This question is an interesting one,not like my previous one.
Can we judge the size of a Quotient Group by seeing the size of its constituents ?
To add something ,Suppose consider a group $\rm{G}$ which is defined as $\rm{G=M/N}$ (Quotient Group),then my Question is can we comment the Cardinality(whether finite or not) of the group $\rm{G}$ by knowing that $\rm{M,N}$ are finite.
This Question has a good implication.
This question was actually a result of my analysis of Tate-shafarevich group.
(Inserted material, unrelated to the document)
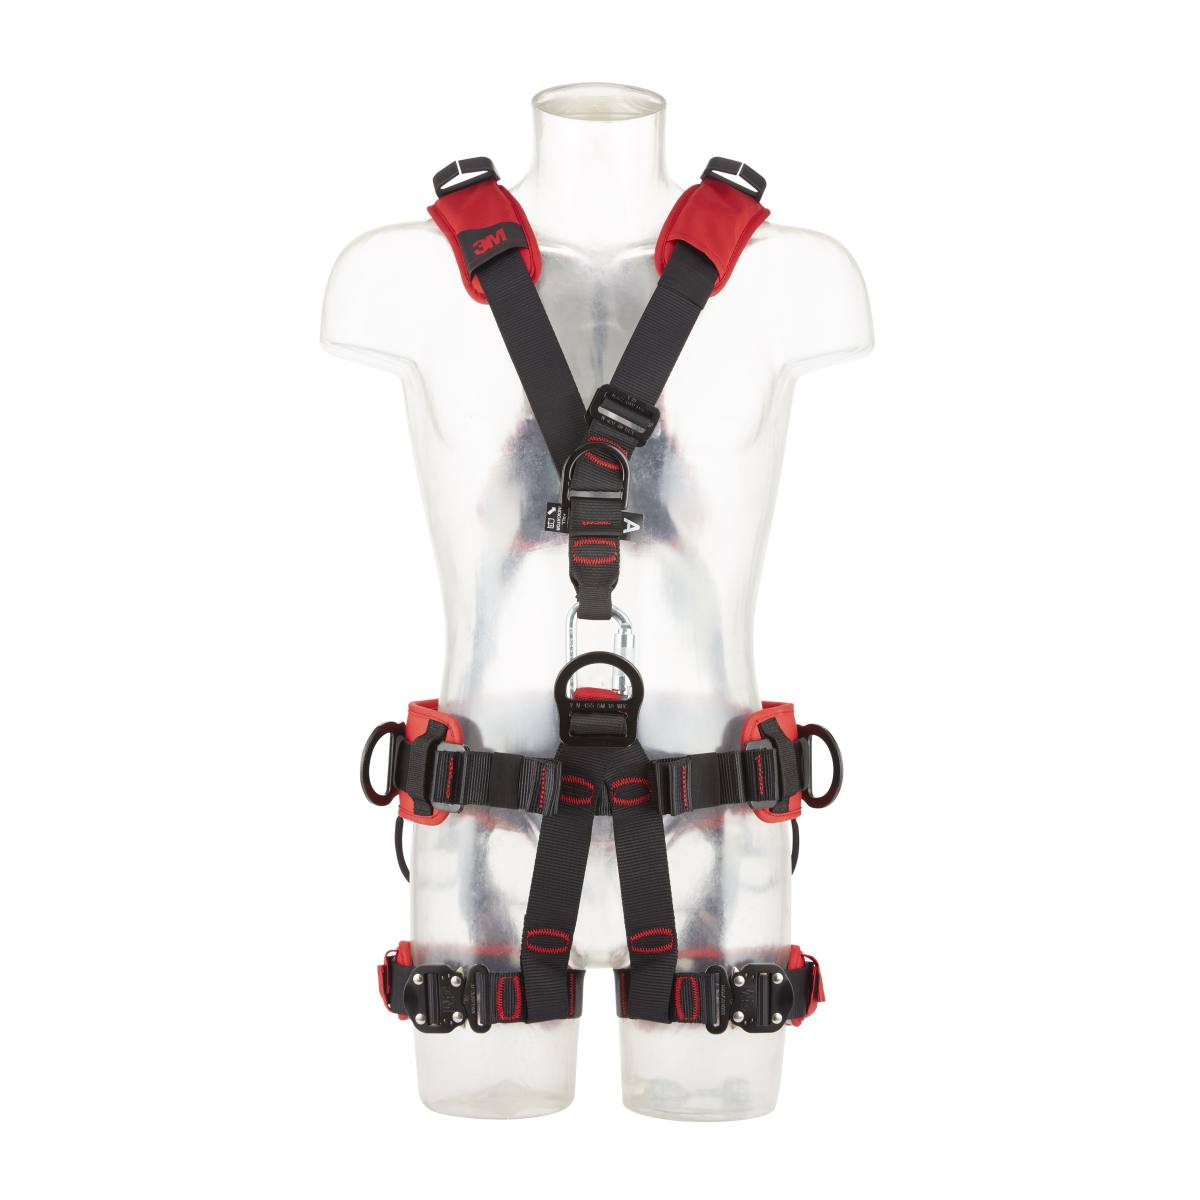 3M PROTECTA Suspension harness - chest and back fall-arrest eyelets with fall indicators, comfort harness with side attachment points, central attachment point, automatic buckles, shoulder and back padding, leg padding, label protection w... , S

We know by the Mordell-Weil Theorem that $E(\mathbb{Q})/\rm{2}E(\mathbb{Q})$ is finite(which is phrased as Weak Mordell-Weil Theorem).
And also we know that "Selmer Group which is defined as the principal homogeneous spaces that $K_v$-rational points for all places $v$ of $K$ is finite .
But I understood that
$Ш(E/\mathbb{Q})=[\rm{Sel}(E/\mathbb{Q})/(E(\mathbb{Q})/\rm{2}E(\mathbb{Q})]$ * And the Finiteness of Tate-Shafarevich Group is an Open question , So we know that as Selmer Group and $E(\mathbb{Q})/\rm{2}E(\mathbb{Q})$ are finite ,So can we comment about the finiteness of $Ш(E/\mathbb{Q})$?
Like some one told that
If $G=M/N$ and $M$ is finite, then $G$ must be finite: quotient of a finite group is necessarily finite.
But according to that ,it will imply that the Group $Ш(E/\mathbb{Q})$ will be finite,as Selmer and $E(\mathbb{Q})/\rm{2}E(\mathbb{Q})$ are finite,which solves the problem in determining the finiteness of Tate-Shafarevich Group.But i think that this is not the case,as its an Age-old problem,and it doesnt turn out to be so simple
*:That expression of Tate-Shafarevich Group was a result of my thinking ,and i fear that it may not be true,as no one neither in Stack exchange nor in Mathoverflow helped me in knowing what is $Ш(E/\mathbb{Q})$.
Note:Anyone putting downvotes are humbly requested to post the reason,which helps in fixing my errors and moulding me,
Thanks everyone, Cordially, Iyengar.
For any group $G$, if $M$ is a group, $N$ is a subgroup of $M$, and $G\cong M/N$, then $|G||N| = |M|$ in the sense of cardinality.
This because the underlying set of $G$ is the set of equivalence classes of $M$ modulo $N$. These equivalence classes partition $M$, so if $\{m_i\}_{i\in I}$ are a complete set of coset representatives for $N$ in $M$, then $$|M| = \left|\bigcup_{i\in I}m_iN\right| = \sum_{i\in I}|m_iN| = \sum_{i\in I}|N| = |I||N|,$$ the next-to-last equality because $mN$ is bijectable with $N$ for every $m\in M$. Since the number of equivalence classes is $I$, $|G|=|I|$, so we get $|G||N|=|M|$.
In particular, if $M$ is finite, then necessarily $G$ is finite.
Are you sure this is really what you wanted to ask?